This could be America’s most ‘vicious’ anti-LGBTQ2S+ legislation yet 

A federal “Don’t Say Gay or Trans” bill is on the table and advocates fear it’s a new blueprint for hate

More than 30 Republicans in the U.S. House of Representatives are backing new legislation proposed this week that would broadly target the LGBTQ2S+ community in a way that emulates Russia’s 2013 “gay propaganda” law

Rep. Mike Johnson, (R) Louisiana, introduced the “Stop the Sexualization of Children Act” on Tuesday, to “prohibit the use of federal funds to develop, implement, facilitate or fund any sexually oriented program, event, or literature for children under the age of 10.” 

While it may be inspired by Florida’s so-called “Don’t Say Gay” law, which bans instruction on sexual orientation and gender identity in classrooms, Johnson’s bill extends prohibitions beyond schools. 

As written, his measure, which has 32 Republican co-sponsors in the House, would bar federal funds from being used to support “any ‘sexually oriented’ programs, events and literature at any federal facility or any institution receiving federal funding.” Critics note that in its description, the bill makes a direct connection between sexual orientation and gender identity with sexualized content, such as pornography and stripping, which are far more commonly associated with cisgender heterosexuals.

The bill also specifies that parents and guardians can sue government officials, agencies and private entities if they “expose” a child under 10 to such materials.

At a news conference Tuesday, Johnson complained about what he called “newly implemented sexual education curriculums” that he claims are introducing lessons on “sexuality, sexual orientation, transgenderism and gender ideology as early as kindergarten.” With his proposal, the Louisiana Republican is also targeting drag queen story hours in libraries, calling them “sexually oriented.” Johnson has already automatically been re-elected to a fourth term as he faced no opponent. 
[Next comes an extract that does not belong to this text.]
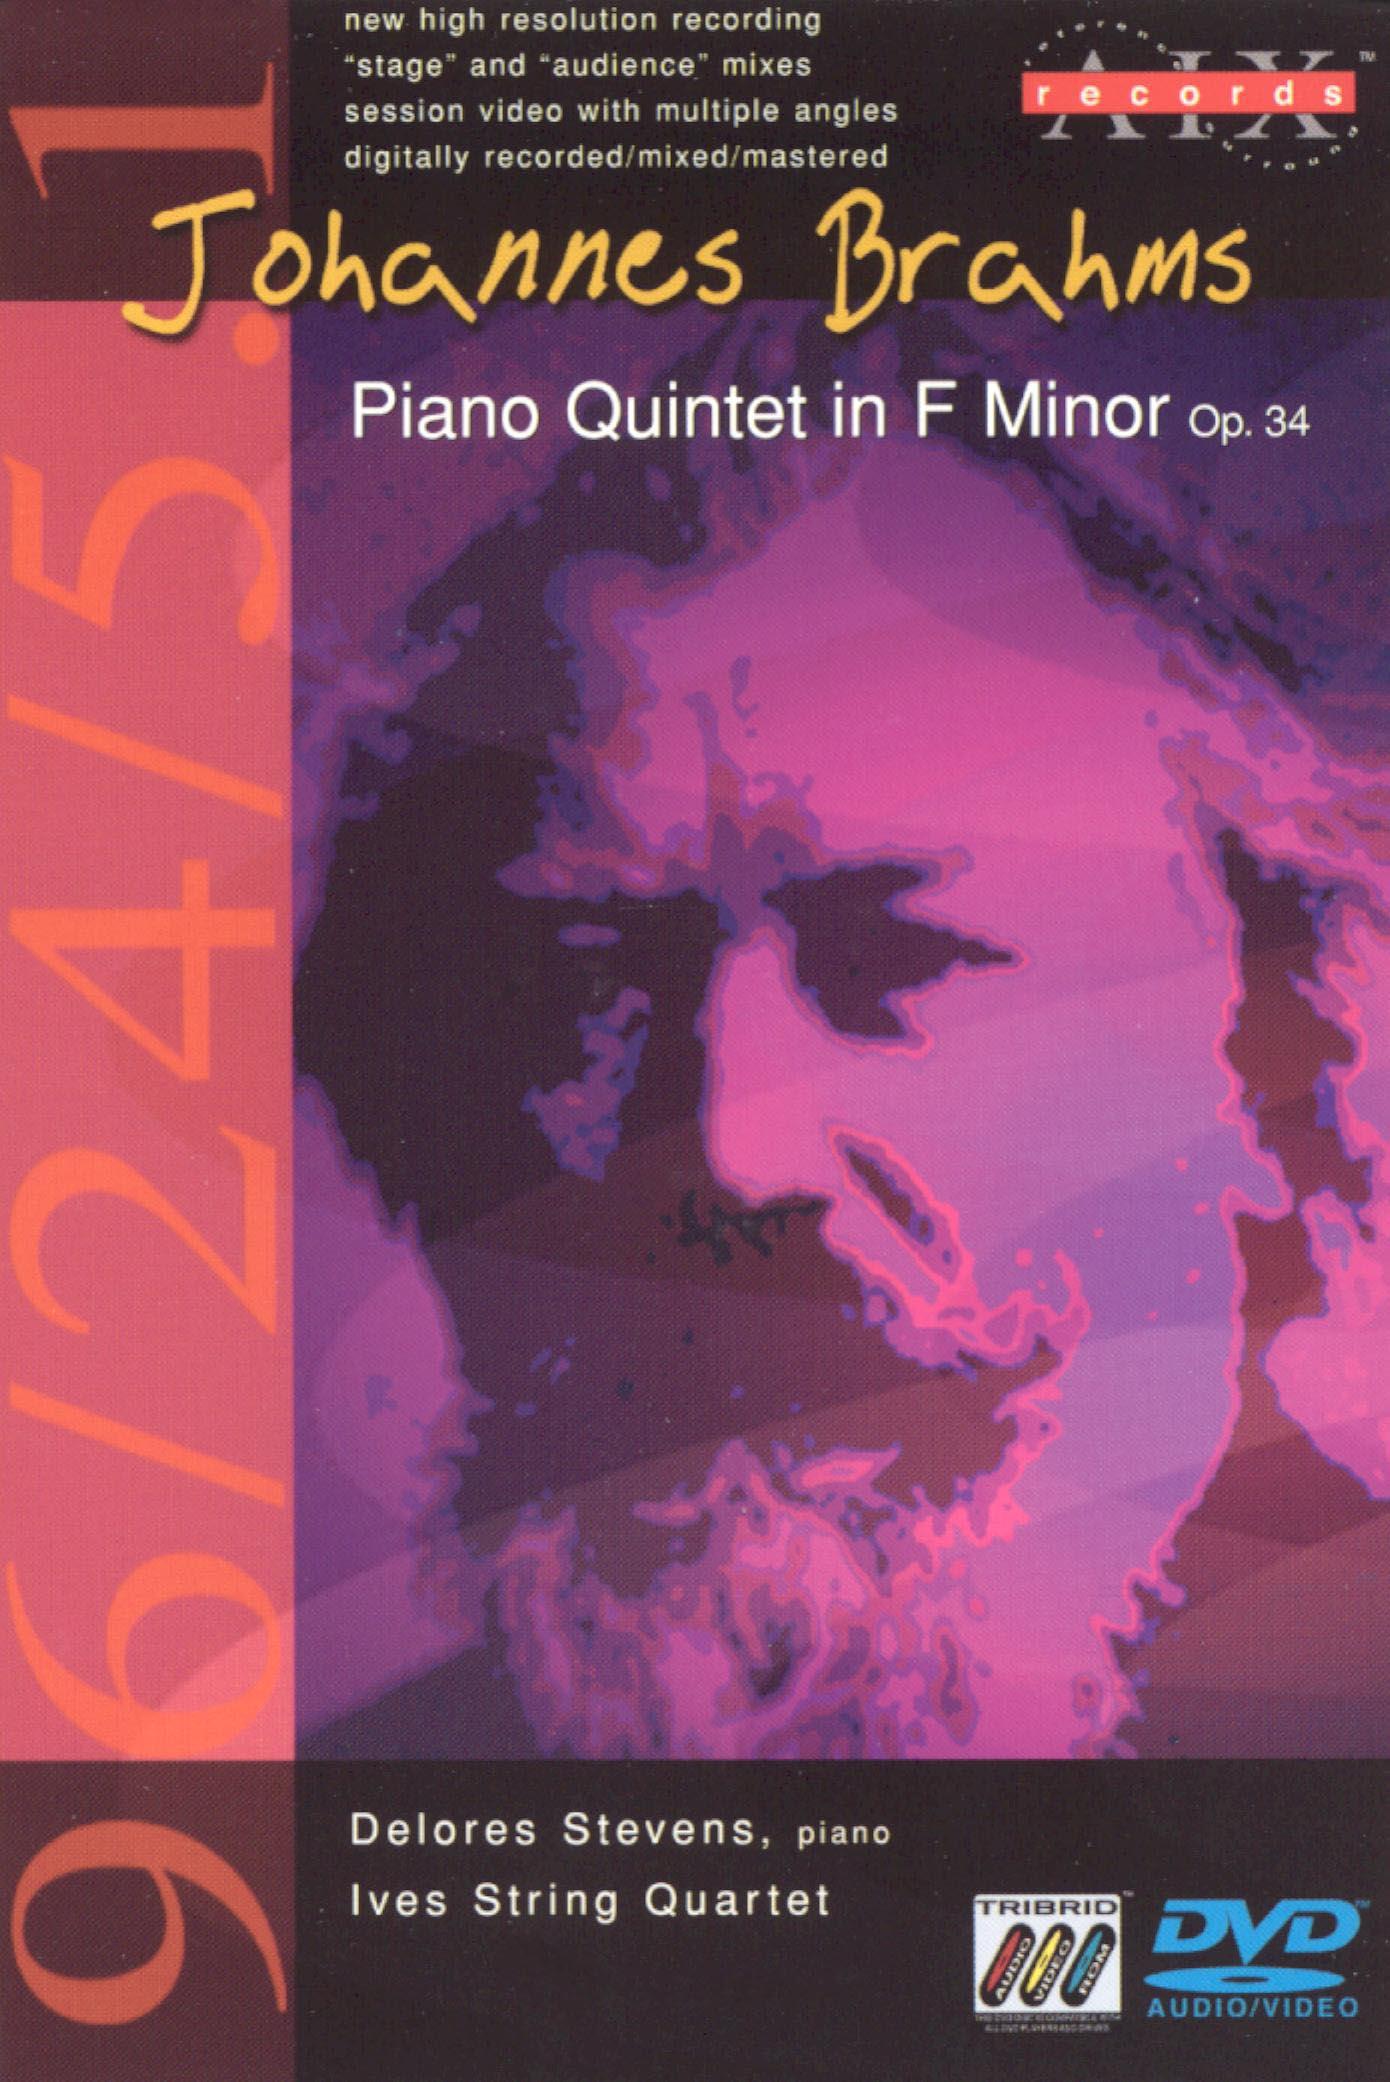 Delores Stevens/Ives String Quartet: Johannes Brahms - Piano Quintet in F Minor, Op.34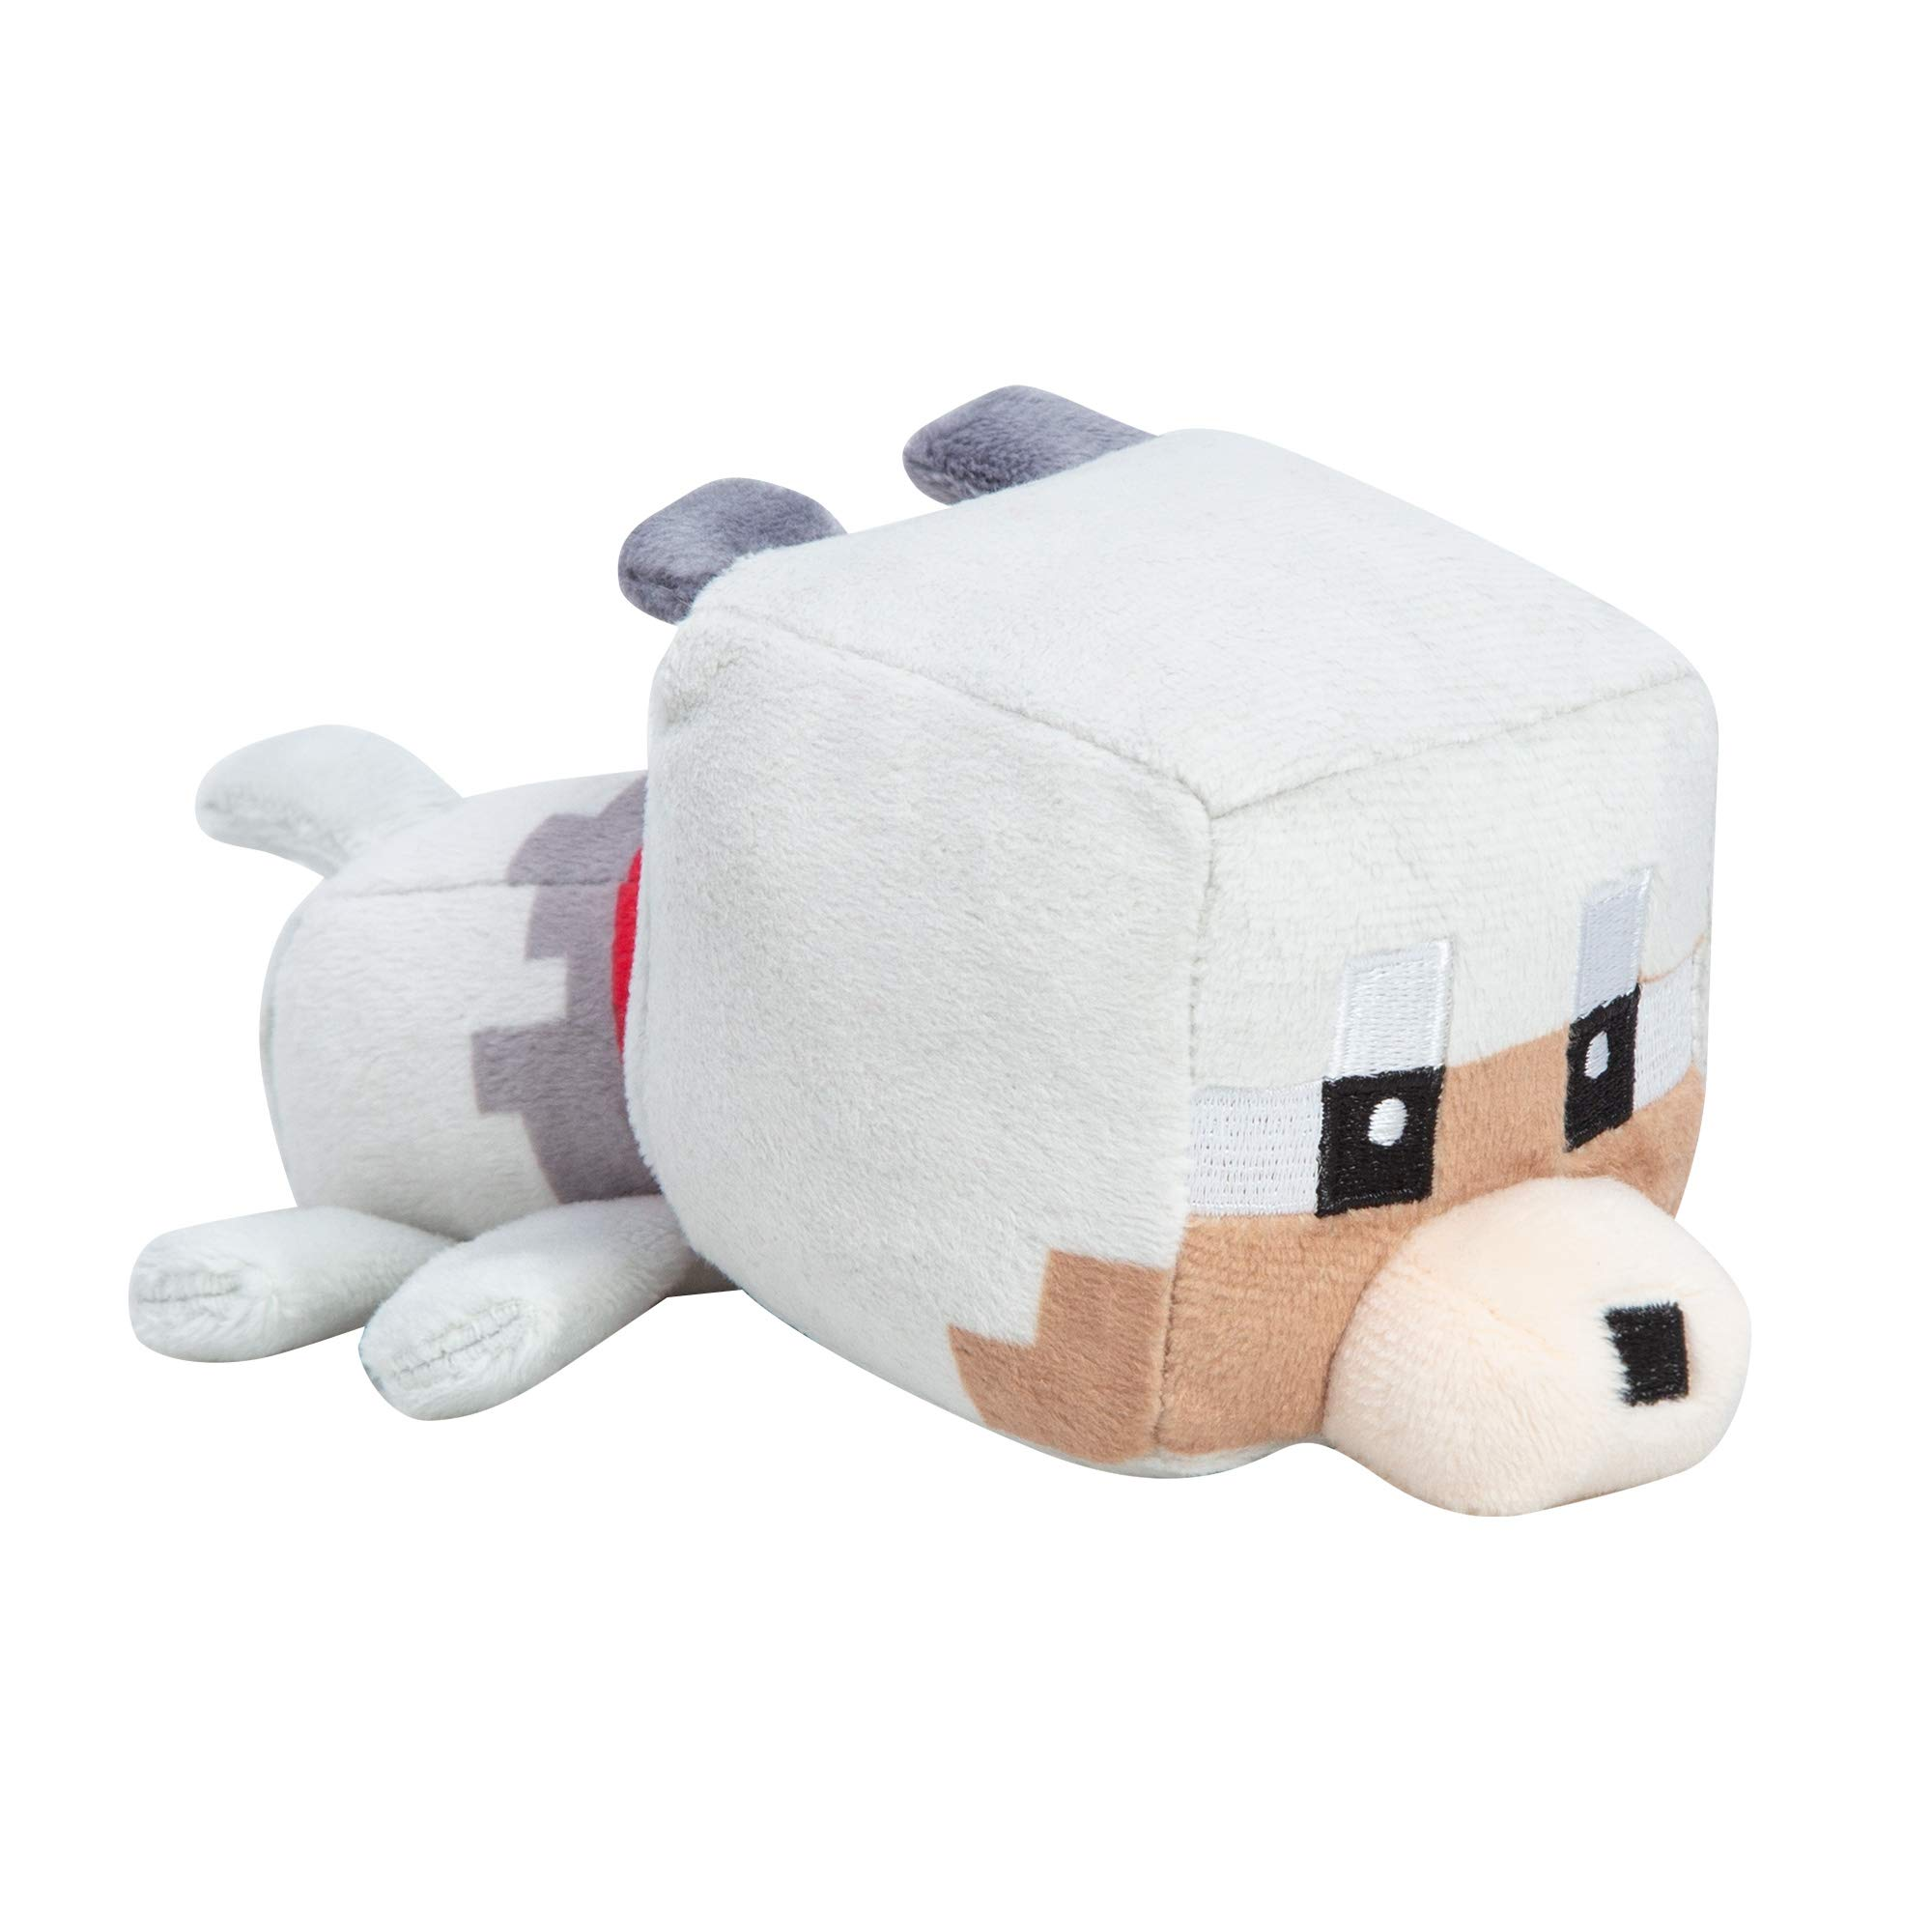 "JINX Minecraft Mini Crafter Tamed Wolf Plush Stuffed Toy, Gray, 8"" Long"

Legal advocates for the LGBTQ2S+ community denounced the bill as “dangerous” and designed to generate hate. 

“This is about scapegoating and stigmatizing a vulnerable minority group by saying outrageous things that even a year ago would have been unthinkable,” Shannon Minter, the legal director of the National Center for Lesbian Rights, told Xtra. “It’s designed to distract attention from important issues, important battles that we need to be fighting. It’s designed to rally the extreme base and to just further poison the political environment, the cultural environment. It’s trying to normalize saying vicious, hateful, untrue things about LGBTQ2S+ people. It’s very dangerous.” 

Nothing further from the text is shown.